**PROBLEM**
Repeat verbatim what the listing holds, but not its pictures.

**MATERIAL PROVIDED**
* * * * * * * * *

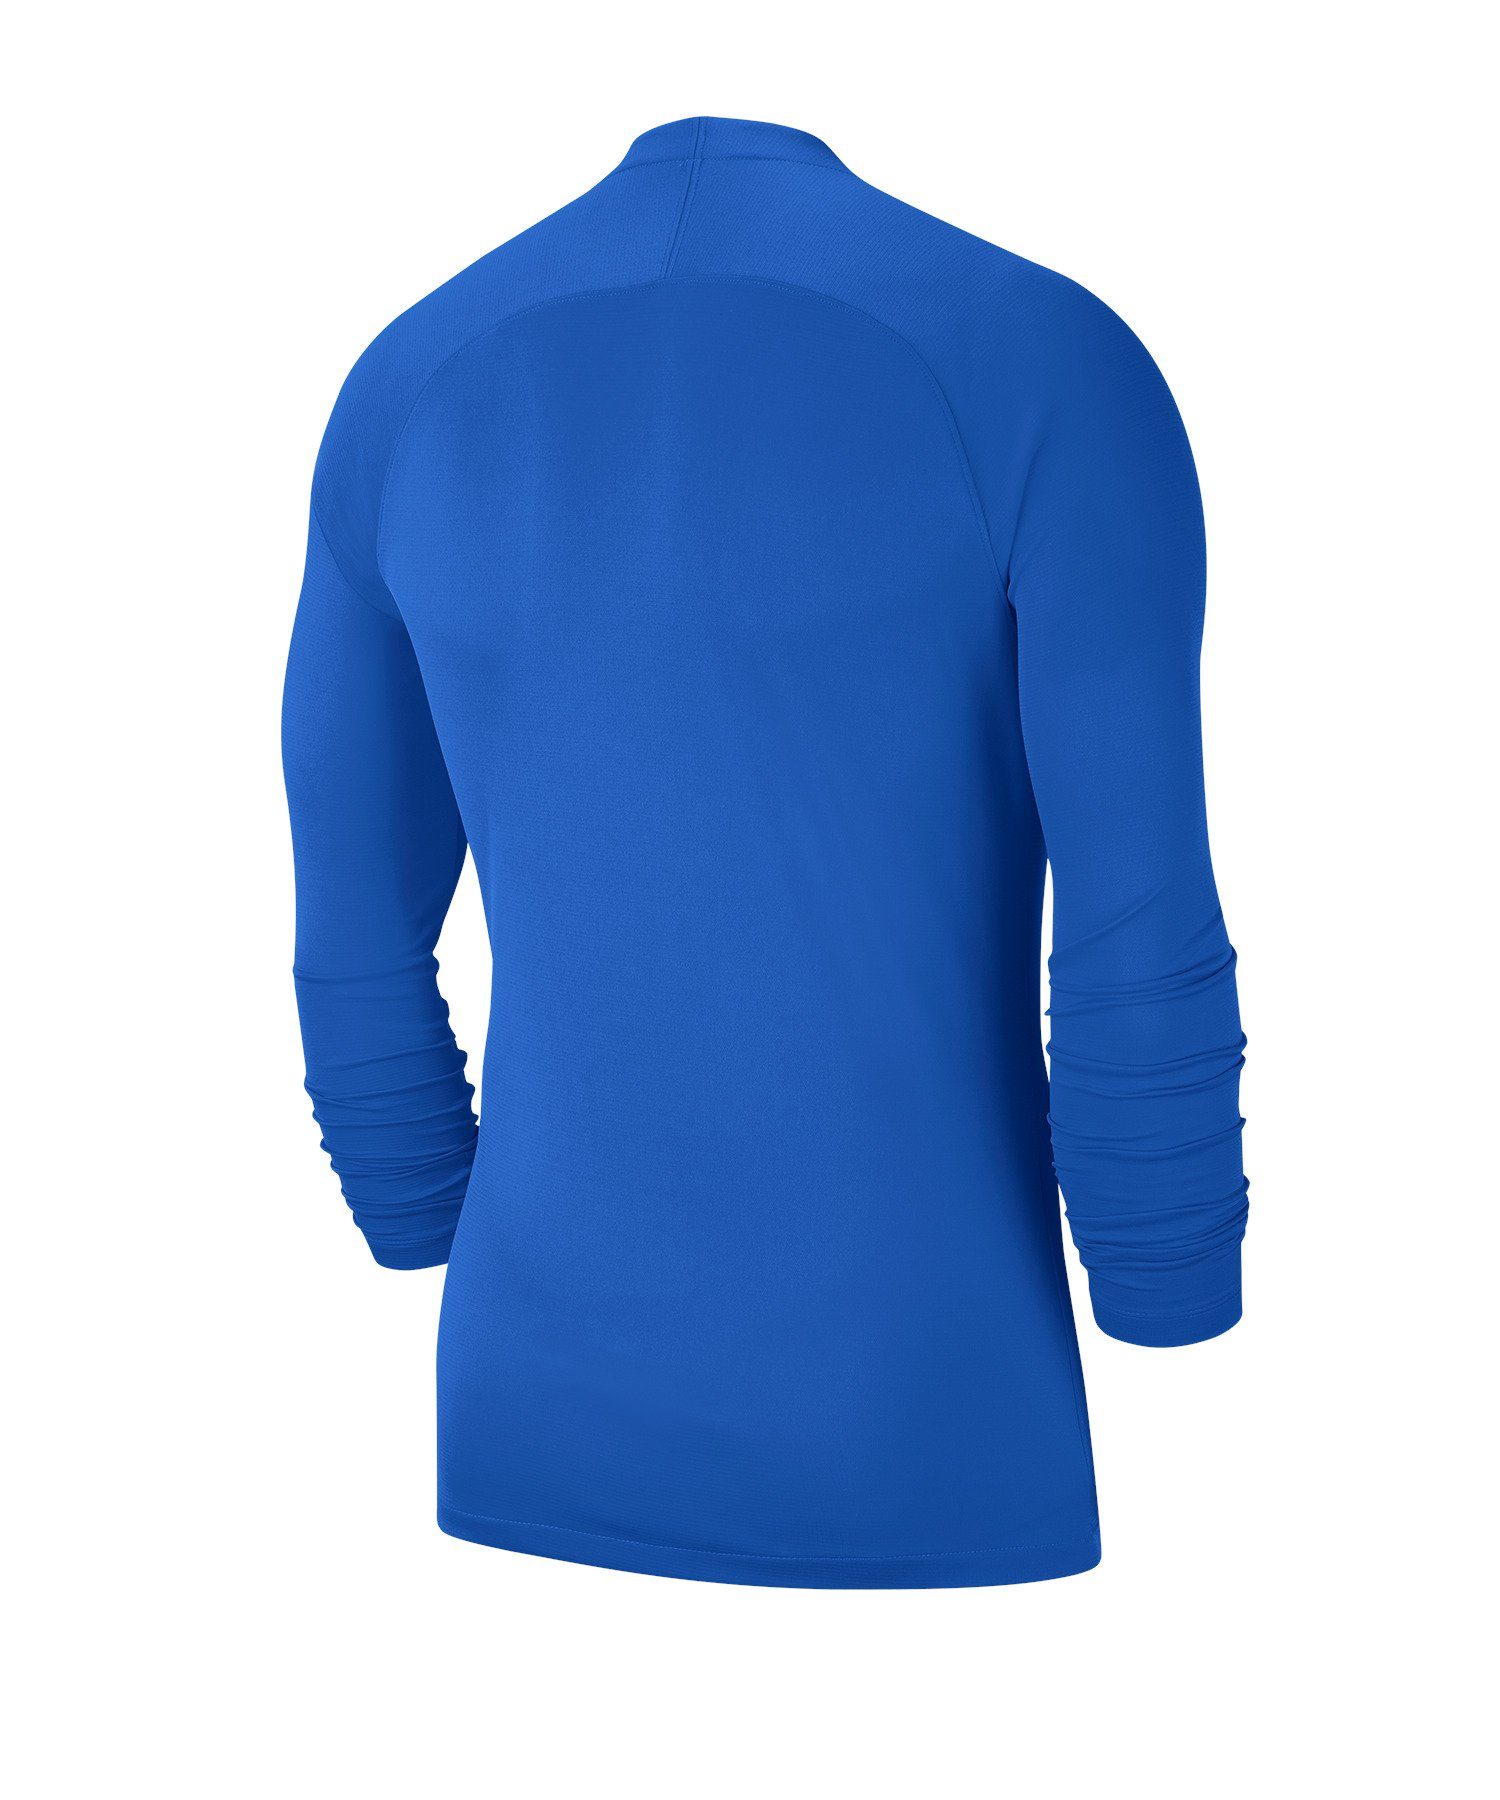 Layer Daumenöffnung Funktionsshirt Top Kids Nike blauweissblau Park First
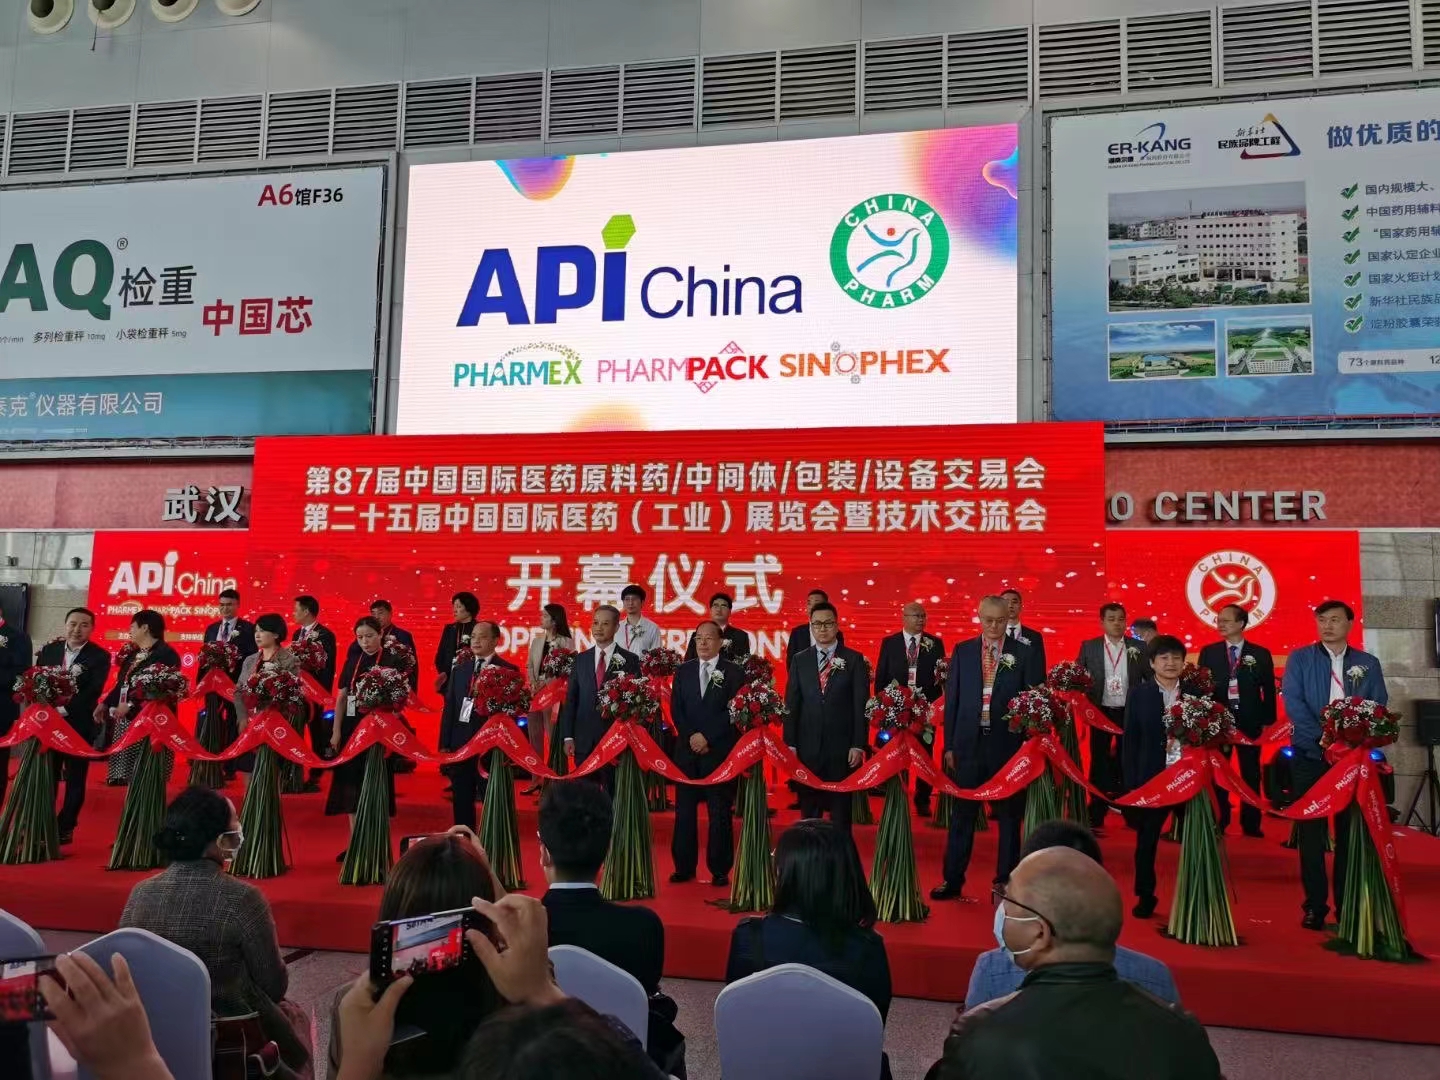 87-ші Қытай халықаралық фармацевтикалық Apis/Intermediates/орау/жабдық жәрмеңкесі (API China) -Shanghai Ruifu Chemical Co., Ltd. клиенттермен бірге қатысады.
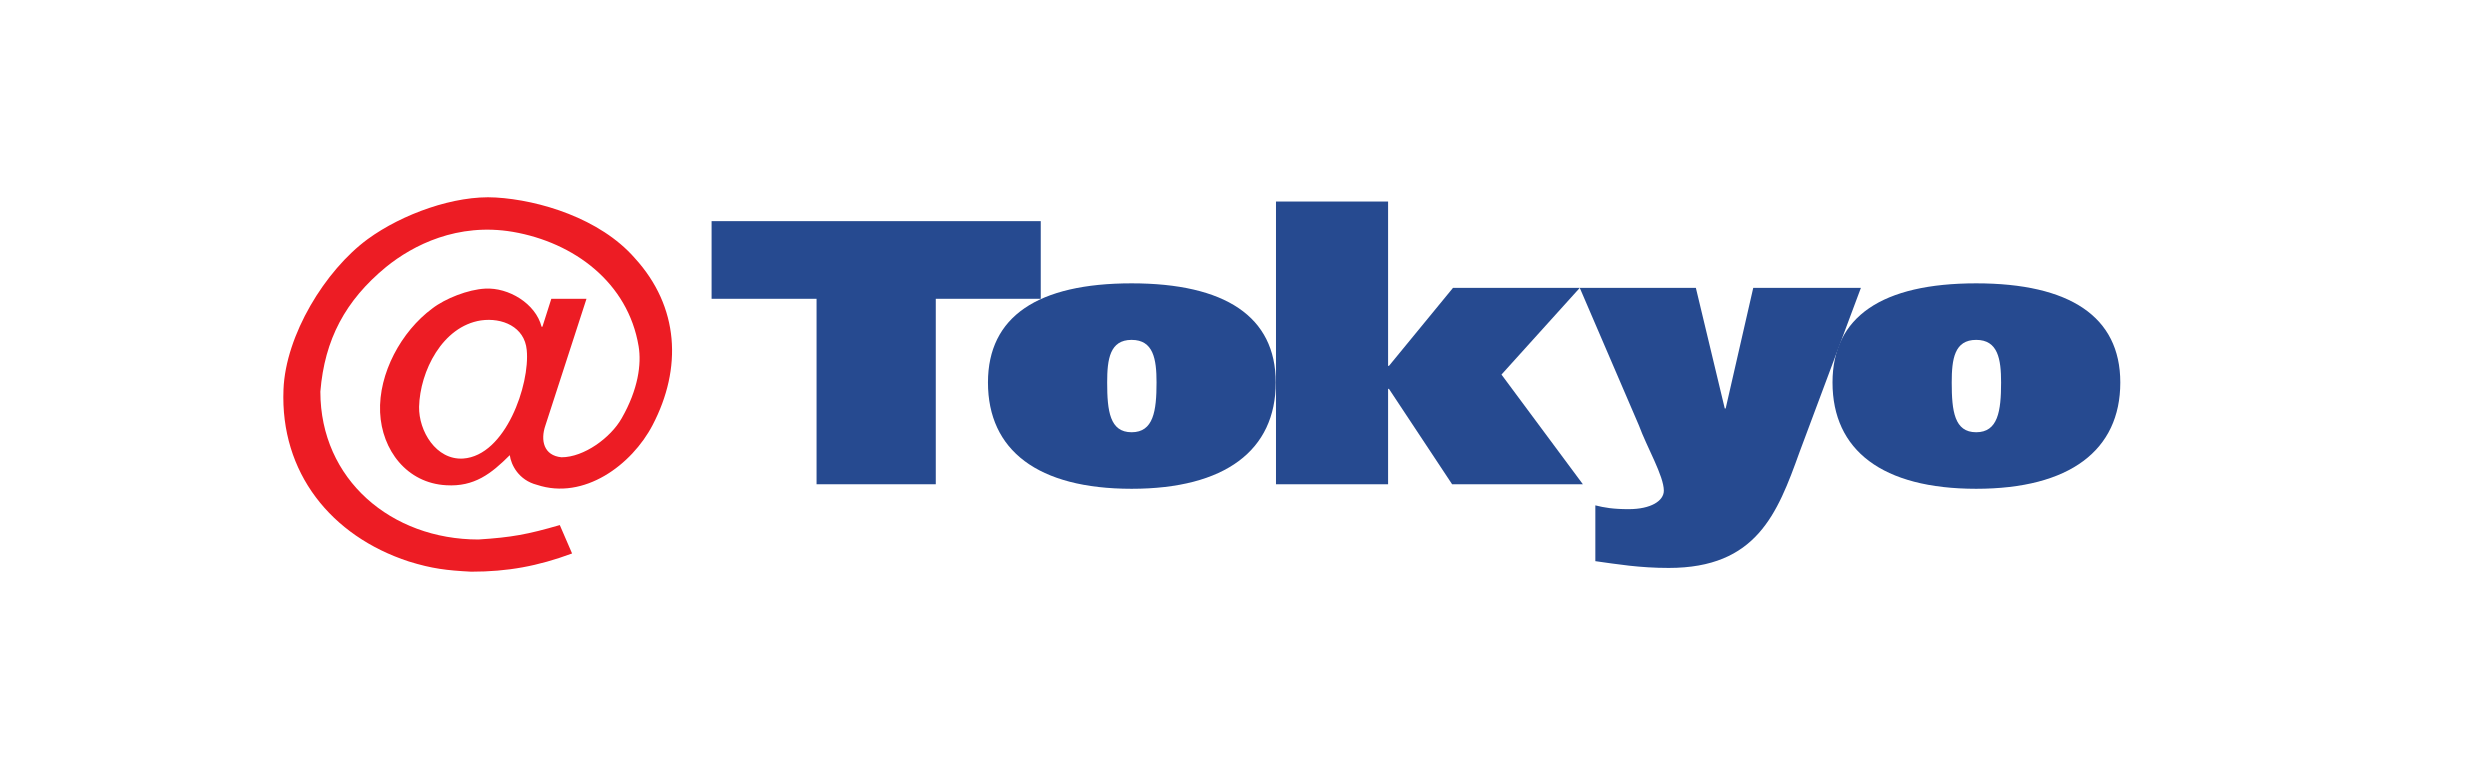 at_tokyo

* * * * * * * * *

**TASK ANSWER**
 Layer Daumenöffnung Funktionsshirt Top Kids Nike blauweissblau Park First
 87-ші Қытай халықаралық фармацевтикалық Apis/Intermediates/орау/жабдық жәрмеңкесі (API China) -Shanghai Ruifu Chemical Co., Ltd. клиенттермен бірге қатысады.
 at_tokyo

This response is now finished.